The partial discharge spectrum of the defect characterization is more pronounced as the development of certain defects worsens with increasing operational life. By detecting partial discharges of the stator insulation of the hydro-generator and diagnosing the presence of major defects in the insulation, it is necessary to monitor the development of defects and to control them during maintenance.
The existing partial discharge on-line monitoring of the hydraulic generator mainly collects partial discharge signals in insulation through a sensor, and has no diagnosis capability through software record storage, statistics and graphic display, and fault identification and diagnosis still need to be identified through experience by a professional, but the partial discharge signals are complex in data, large in fluctuation and have no corresponding fault map, so that manual diagnosis is difficult.
Disclosure of Invention
In order to overcome the defects that the existing hydraulic generator insulation partial discharge online detection device only detects recorded data and has no analysis and diagnosis capability, the partial discharge data is complex, and the manual diagnosis and analysis are difficult.
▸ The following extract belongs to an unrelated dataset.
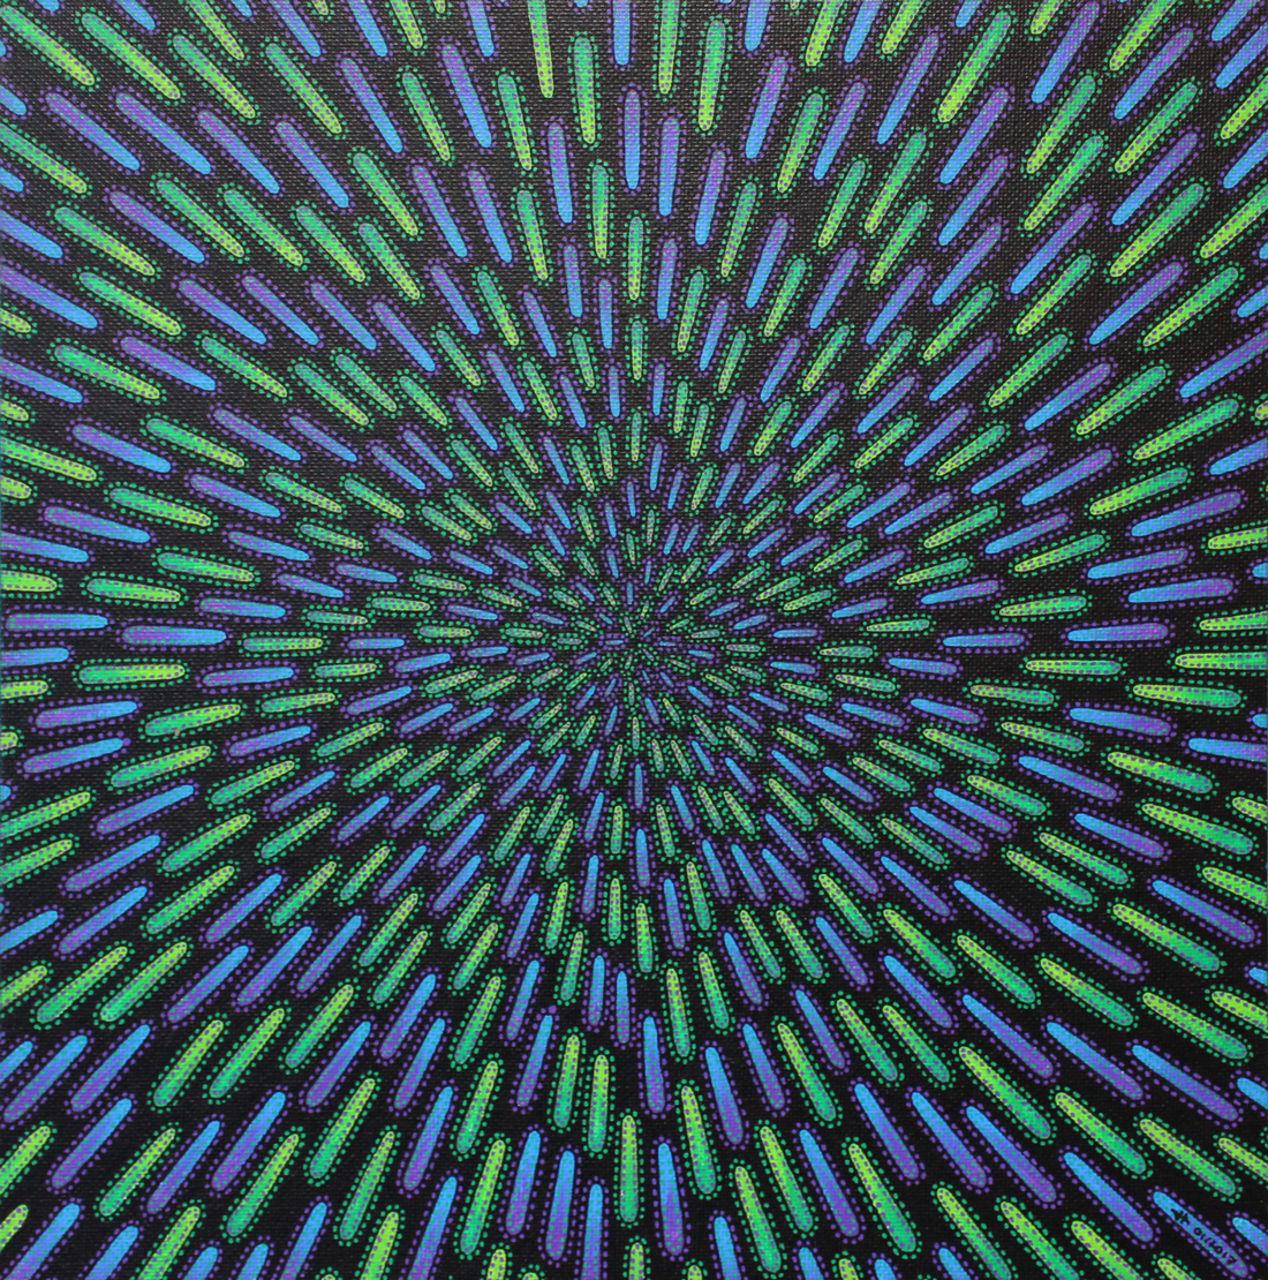 Jonathan-Pradillon Particule verte et violette

On the basis of the existing generator insulation partial discharge on-line detection data, the invention adopts a big data analysis method, combines deep learning, builds model training, is applied to analysis and diagnosis of the existing partial discharge on-line detection data, determines faults existing in generator insulation, and provides an on-line monitoring and diagnosis method for generator stator winding insulation partial discharge faults.
The invention supplements the defect that the existing generator insulation partial discharge online detection system only detects recorded data and has no analysis and diagnosis capability, also provides objective data support for manual diagnosis, simplifies manual analysis and reduces the threshold required by manual diagnosis experience.
The technical scheme of the invention is as follows:
an on-line monitoring and diagnosing method for insulation partial discharge faults of a stator winding of a generator comprises the following steps:
step (1), partial discharge on-line monitoring data conversion and partial discharge data imaging representation
Deriving partial discharge original data from a partial discharge online monitoring system, extracting a sample positive partial discharge amplitude value, a positive partial discharge phase and a positive partial discharge quantity data set d1 from the partial discharge original data one by one, combining the data d1 and d2 into a partial discharge sample original data set with positive and negative partial discharge amplitude values, positive and negative partial discharge phases and positive and negative partial discharge quantity;
converting the original sample data set into a gray level diagram, and drawing a 50HZ positive brown wave curve under the same coordinate of the gray level diagram to obtain a partial discharge sample image;
step (2), establishing an insulation partial discharge characteristic database
The method comprises the steps of leading out partial discharge original data from a partial discharge online monitoring system, extracting sample acquisition time, sample number, measurement state, station and generator information from the partial discharge original data one by one to form sample information data, extracting positive and negative discharge quantity Qm and positive and negative discharge quantity NQN from the sample one by one to form sample partial discharge comprehensive data; labeling generator insulation faults according to the sequence of 0-9 to form a sample fault code table, and adding the generator insulation fault codes corresponding to the partial discharge samples one by one according to the sample sequence to form sample label data;
packaging the sample information data, the sample partial discharge comprehensive data, the partial discharge original data and the sample label data to form an insulation partial discharge characteristic data set, and continuously collecting new samples according to different insulation states of the generator to form an insulation partial discharge characteristic database;
step (3), modeling and training of diagnostic models
Establishing a deep learning model A through a convolutional neural network, inputting partial discharge original data and sample tag data in an insulation partial discharge characteristic database into the model A, and performing learning training on the model;
model a training: sampling a multi-classification loss function, adopting a self-adaptive learning rate optimization algorithm, monitoring index accuracy, and obtaining a model parameter A.h5 through multi-round and multi-batch learning training;
step (4) model application
And (3) inputting sample original data of unknown faults into a well-learned model A, and outputting fault type percentage probability of the samples after calculation of the model A and parameters A.h5.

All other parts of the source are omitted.